横浜国立大学(横浜国大)と東京工業大学(東工大)は5月30日、今後、耐用年数が過ぎて廃棄量の増加が予想される太陽光パネルに含まれるシリコンに見立てて、太陽光パネル製造で排出されるシリコンウェハを還元剤として活用することで、CO2のギ酸・メタノールなどへの約7割という高い収率での触媒的合成に成功したことを発表した。

同成果は、横浜国大大学院 工学研究院の本倉健教授(東工大 物質理工学院 特定教授兼任)らの研究チームによるもの。詳細は、英国王立化学会が刊行するエネルギーに関する全般を扱うオープンアクセスジャーナル「Energy Advances」に掲載された。

CO2を排出しないことから再生可能エネルギーへの注目度が高まっており、中でも、太陽光パネルは一般家庭での導入も進んでいる。しかし、太陽光パネルは耐用年数はおよそ30年といわれており、2050年頃には世界においておよそ6000万~7800万トンものパネルが廃棄されることが予想されている。

太陽光パネルのリサイクルにおいて課題となるのが材料として用いられているシリコンの扱いで、現状ではその明確なリサイクル方法は確立されていない。
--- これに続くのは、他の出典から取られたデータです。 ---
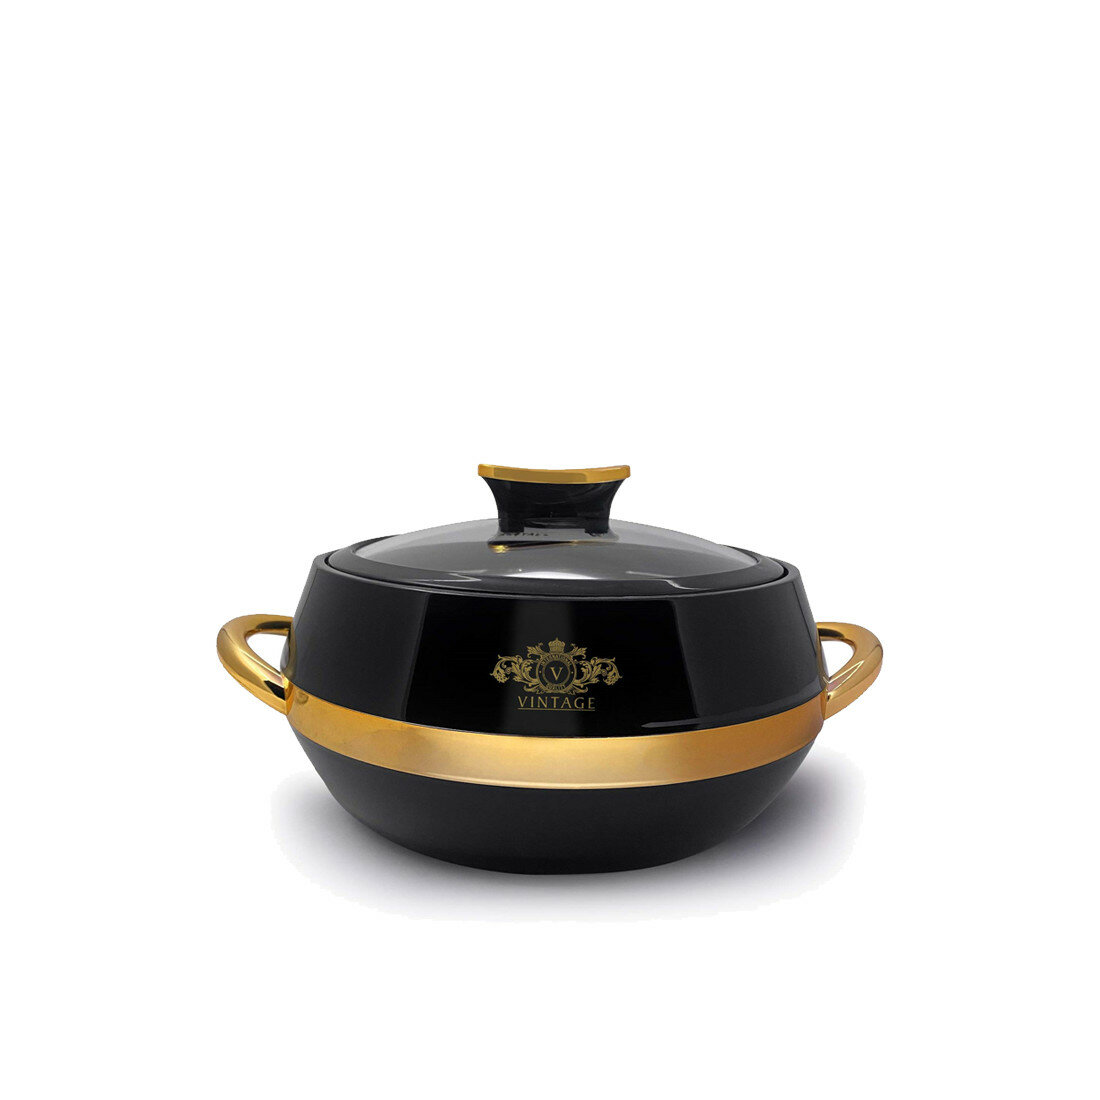 Термокастрюля Jaypee Vintage Black Gold, объемом 1,5 литра

発電セルに利用されているシリコンはパネル全体の重量当たり2~3%ほどだが、大量にパネルが廃棄されることとなれば、その量はおよそ120万~234万トンと試算され、そのままの廃棄は、新たな環境問題を生むことが懸念されるため、リサイクル方法の開発が必要とされている。
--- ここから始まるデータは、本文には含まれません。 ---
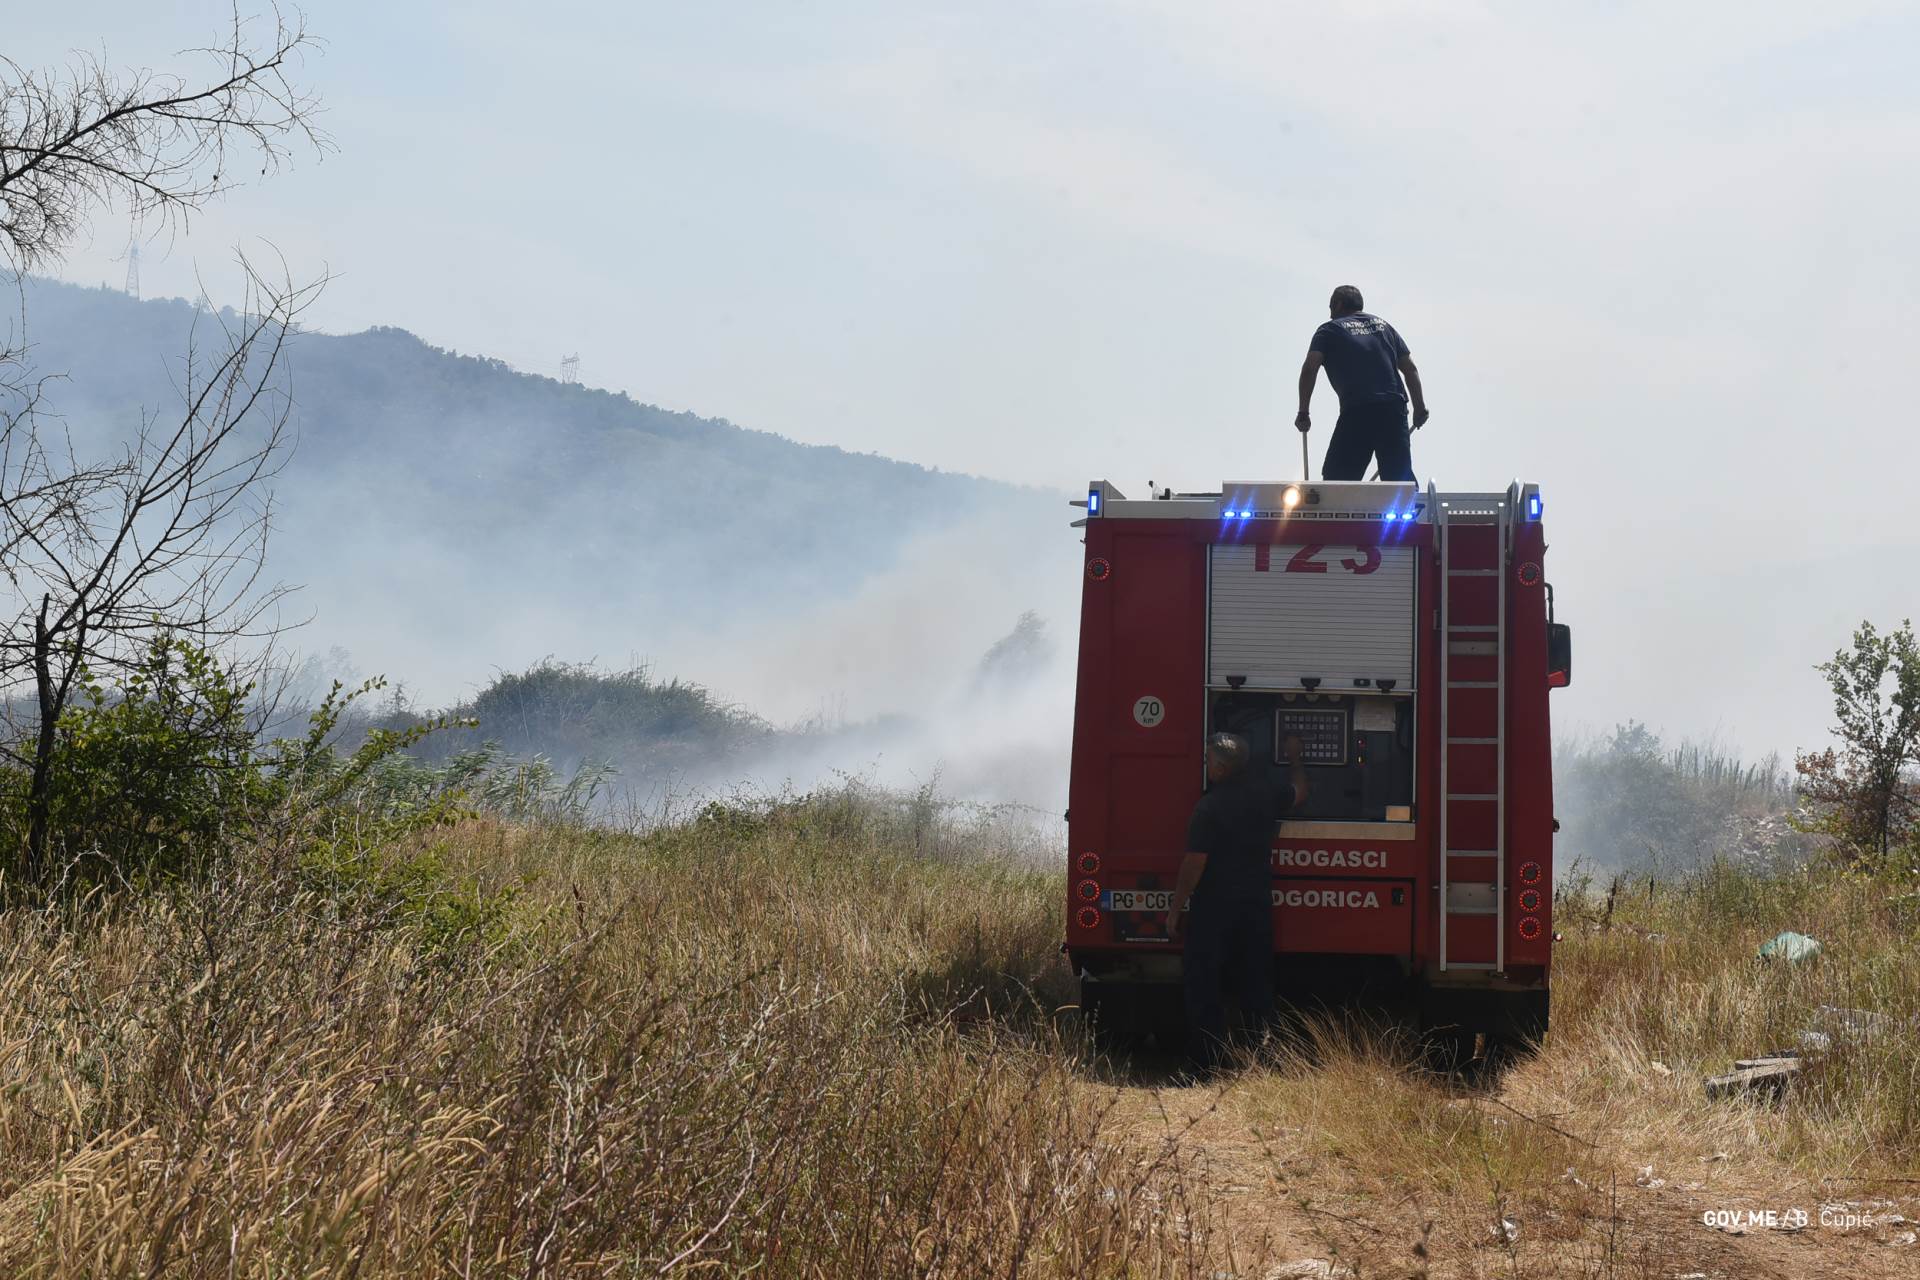  Aktivni požari u Gornjim Mrkama i Katunskoj nahiji

そこで研究チームは今回、太陽光パネルの製造工程で排出されるシリコンウェハを還元剤として活用し、CO2を有機資源へ変換する触媒反応の創出を試みることにしたという。そして、還元剤としてシリコンウェハが活用可能であることを見出し、CO2をギ酸やメタノールなどの有用な有機化合物に変換する触媒反応の創出にも成功したとする。